====== Supplied material ======

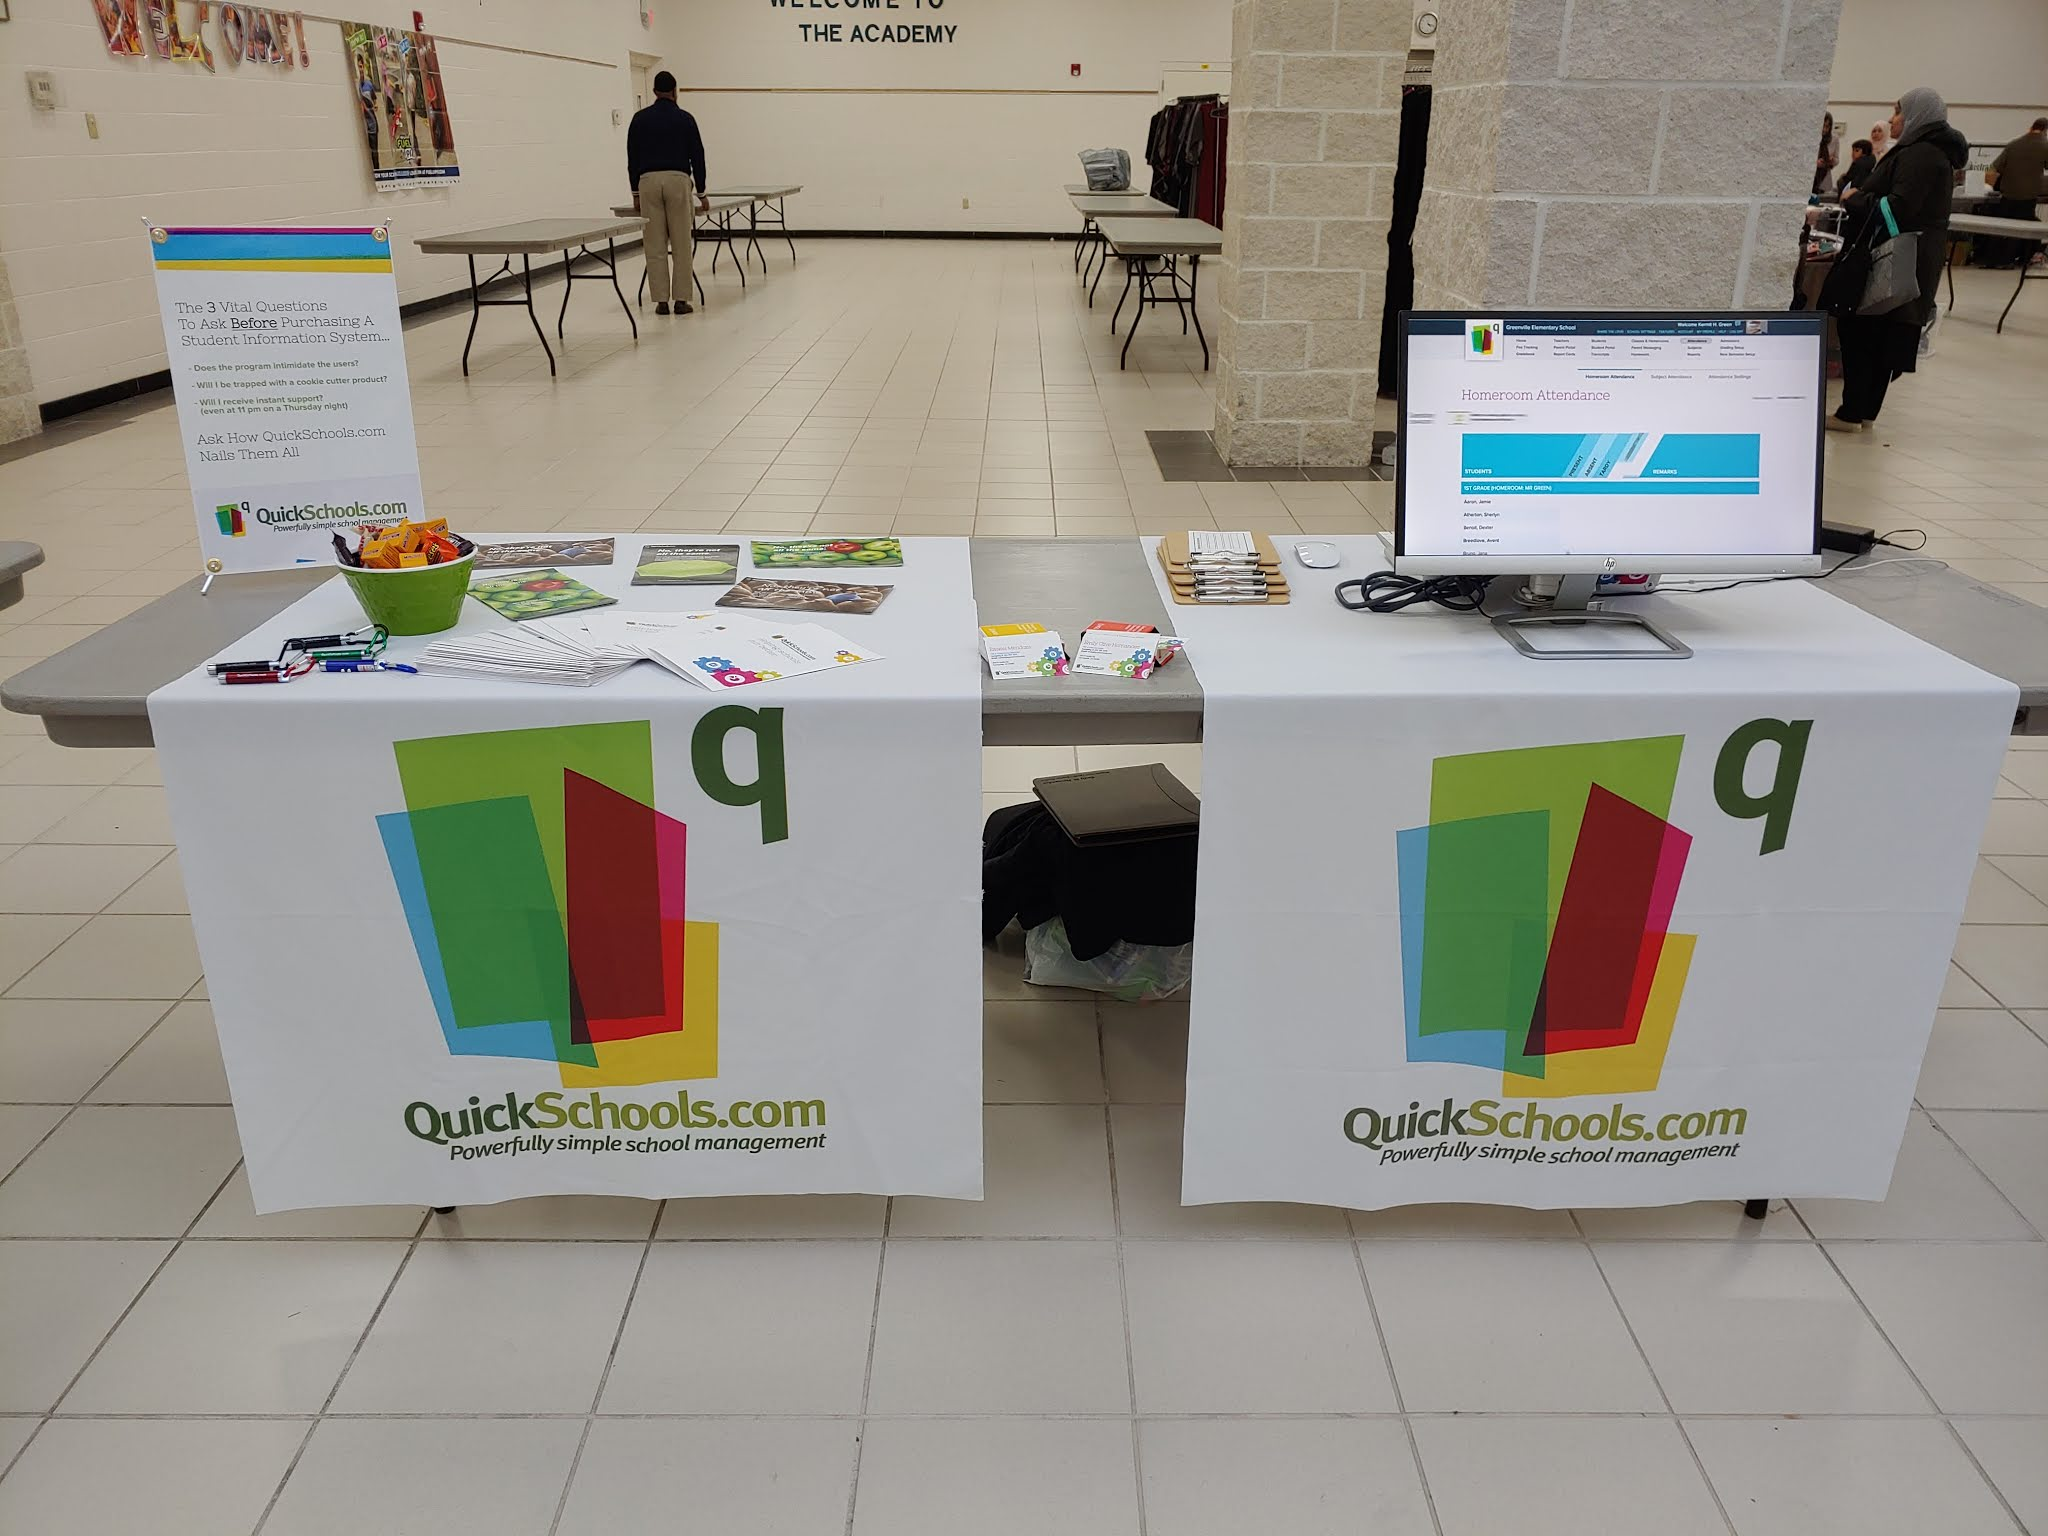 QuickSchools at ISNA Ohio Regional Conference
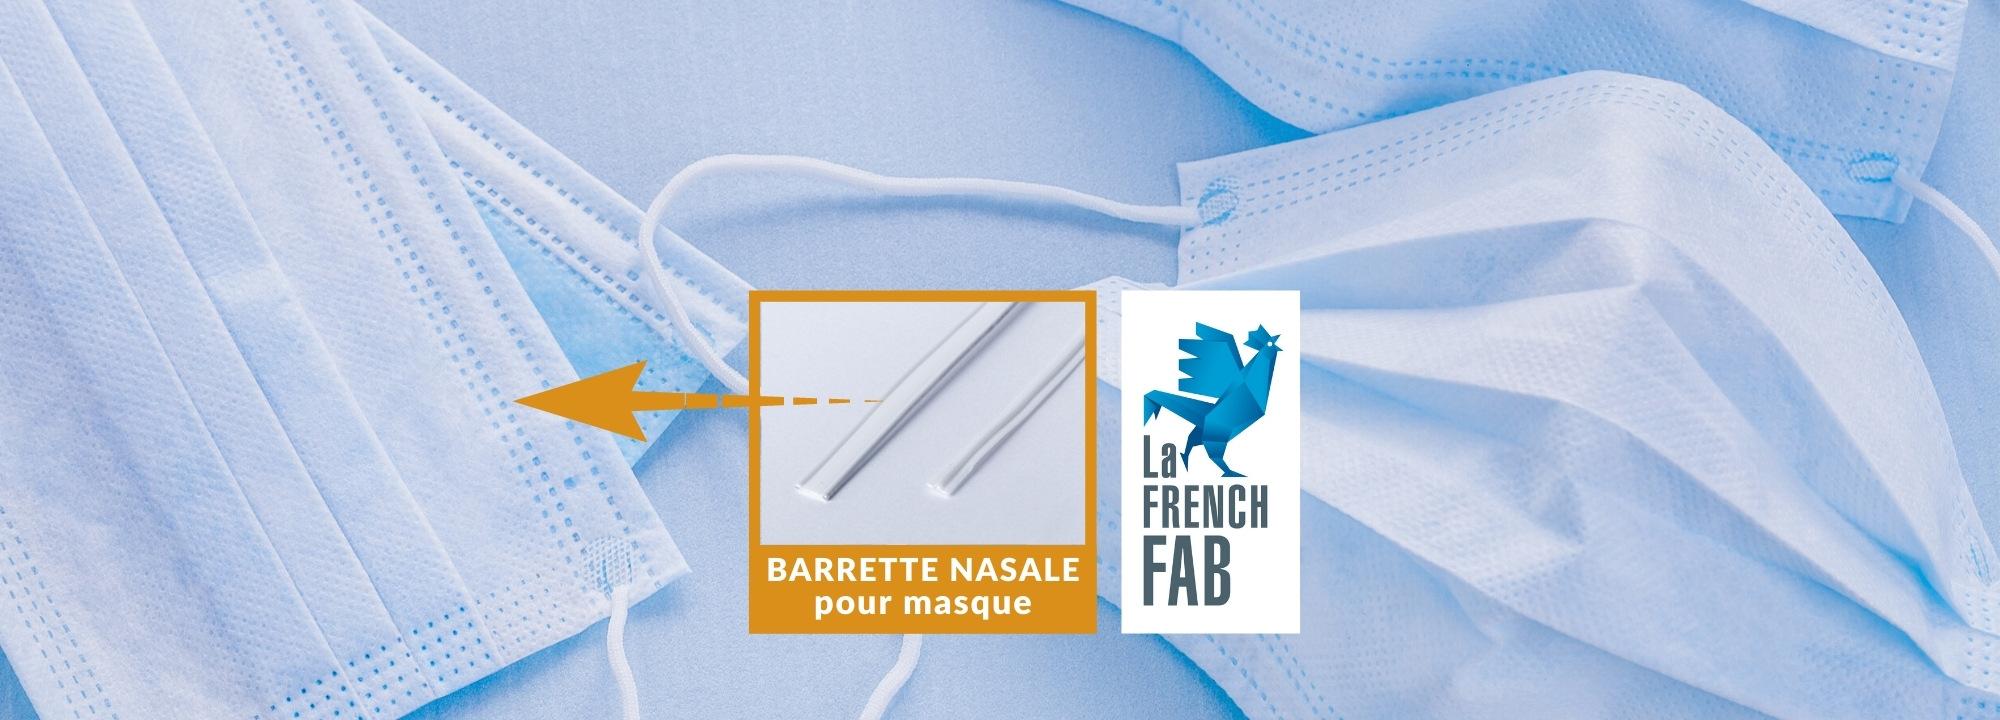 Capifil-Slider-home-Barrette-nasale-pour-masque-V5
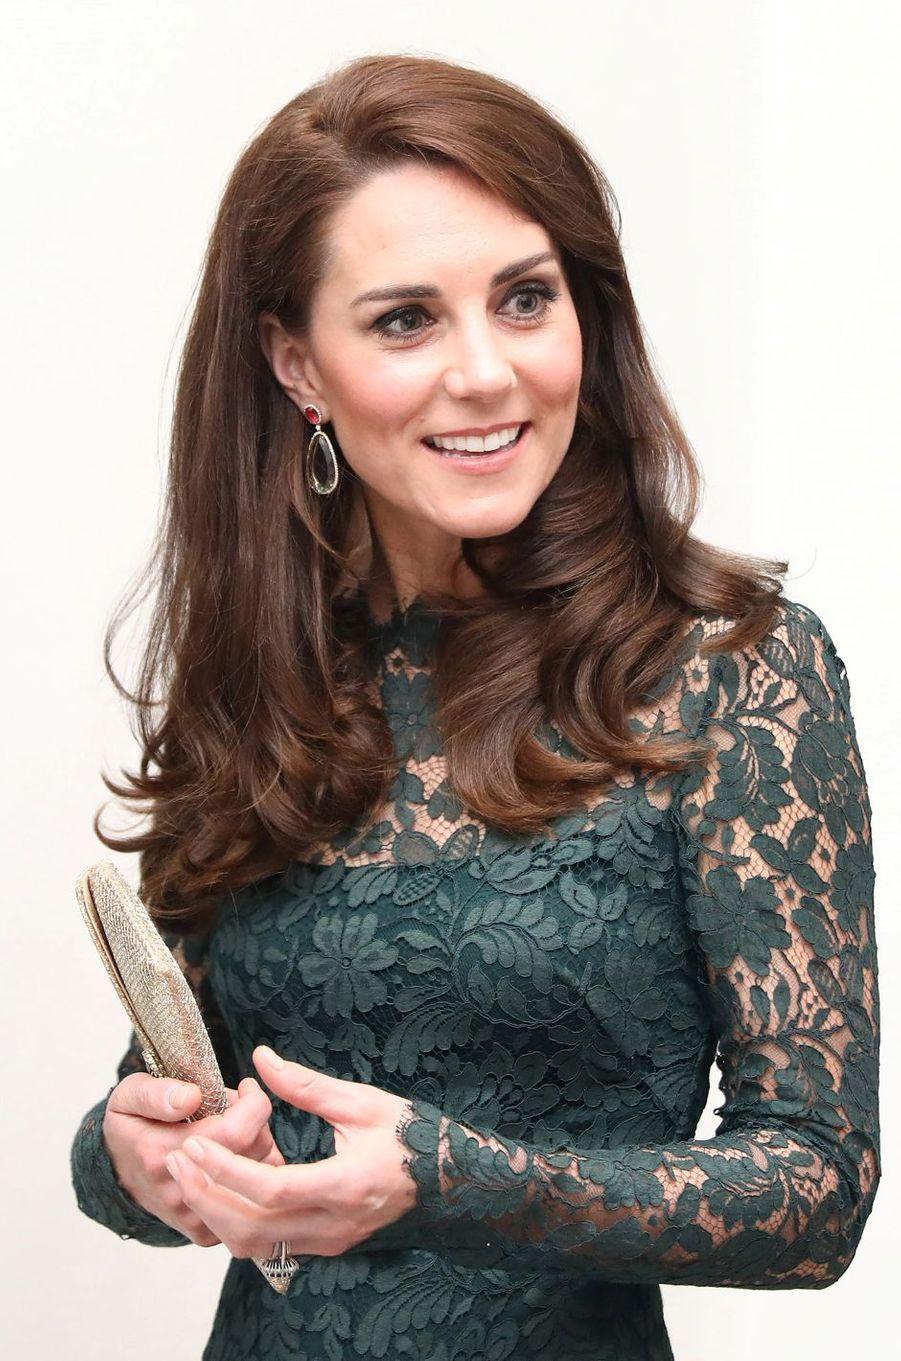 La duchesse Catherine de Cambridge le 28 mars 2017
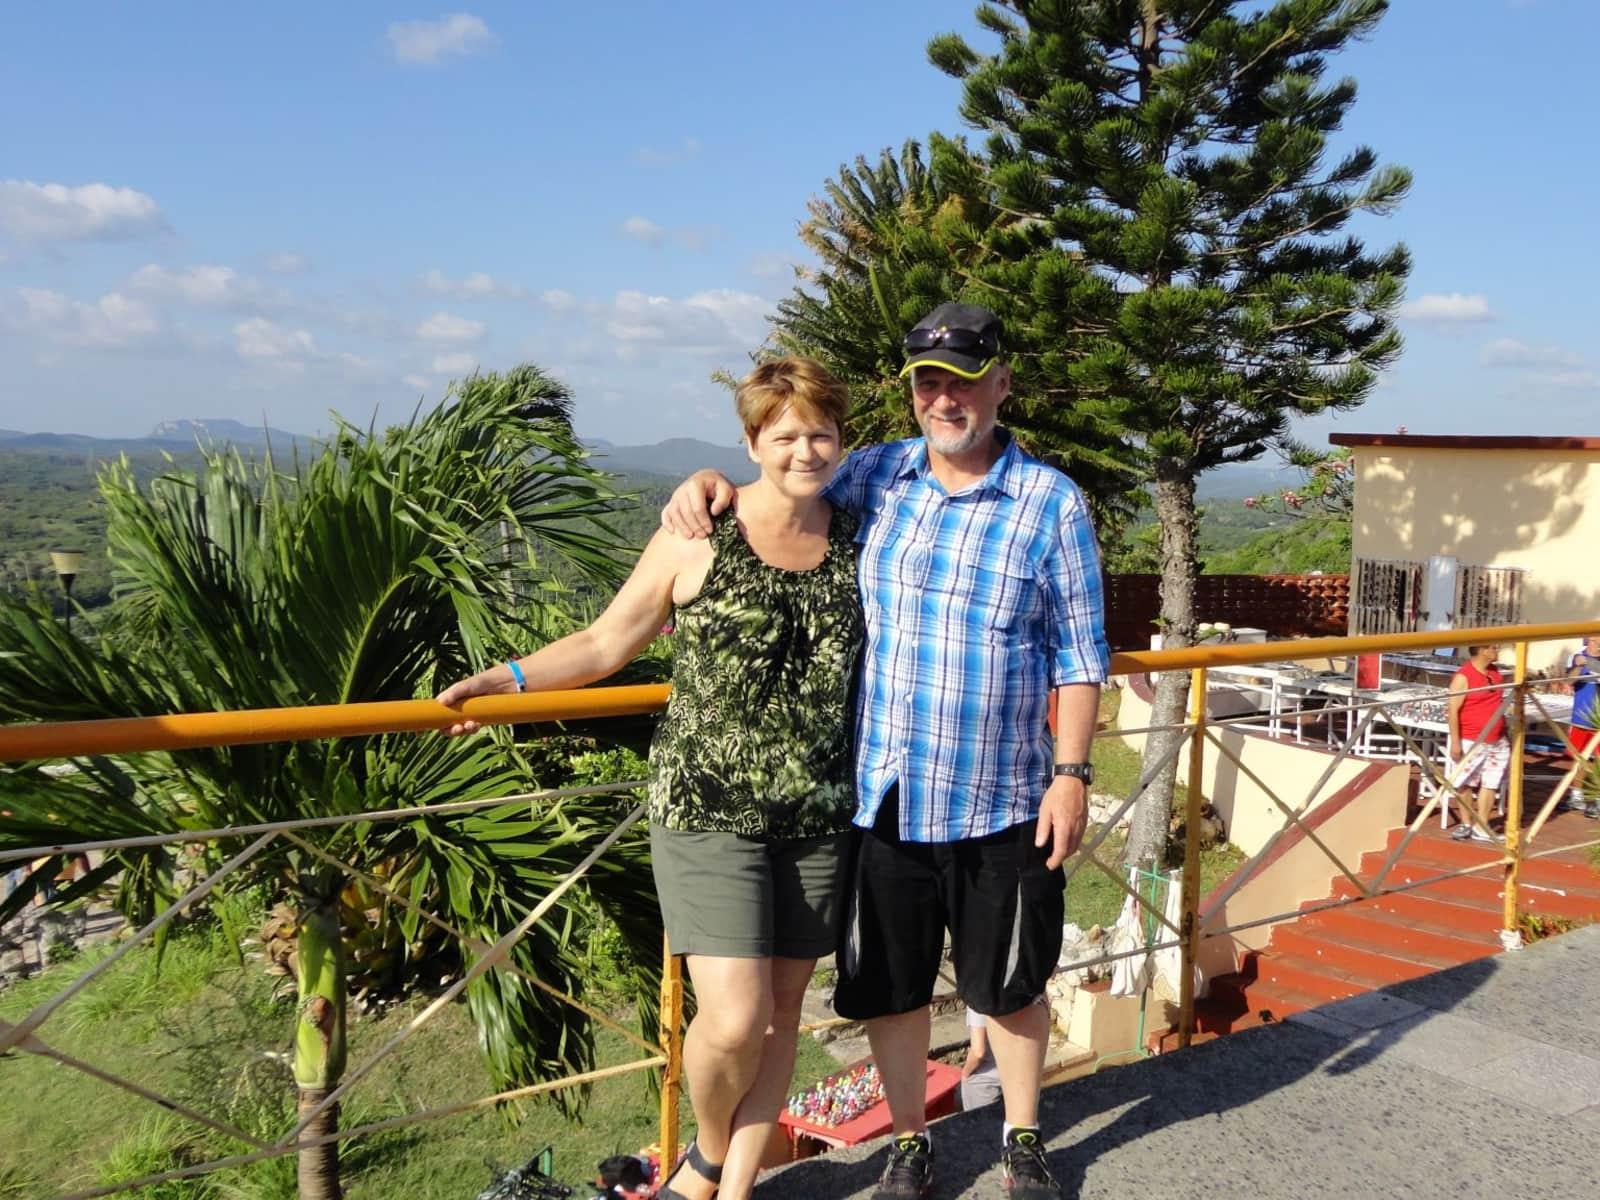 Gary & Therese from Ottawa, Ontario, Canada

======

**Required work:** Write out the whole listing again, exactly, with no pictures.

**Finished exercise:**
 QuickSchools at ISNA Ohio Regional Conference
 Capifil-Slider-home-Barrette-nasale-pour-masque-V5
 La duchesse Catherine de Cambridge le 28 mars 2017
 Gary & Therese from Ottawa, Ontario, Canada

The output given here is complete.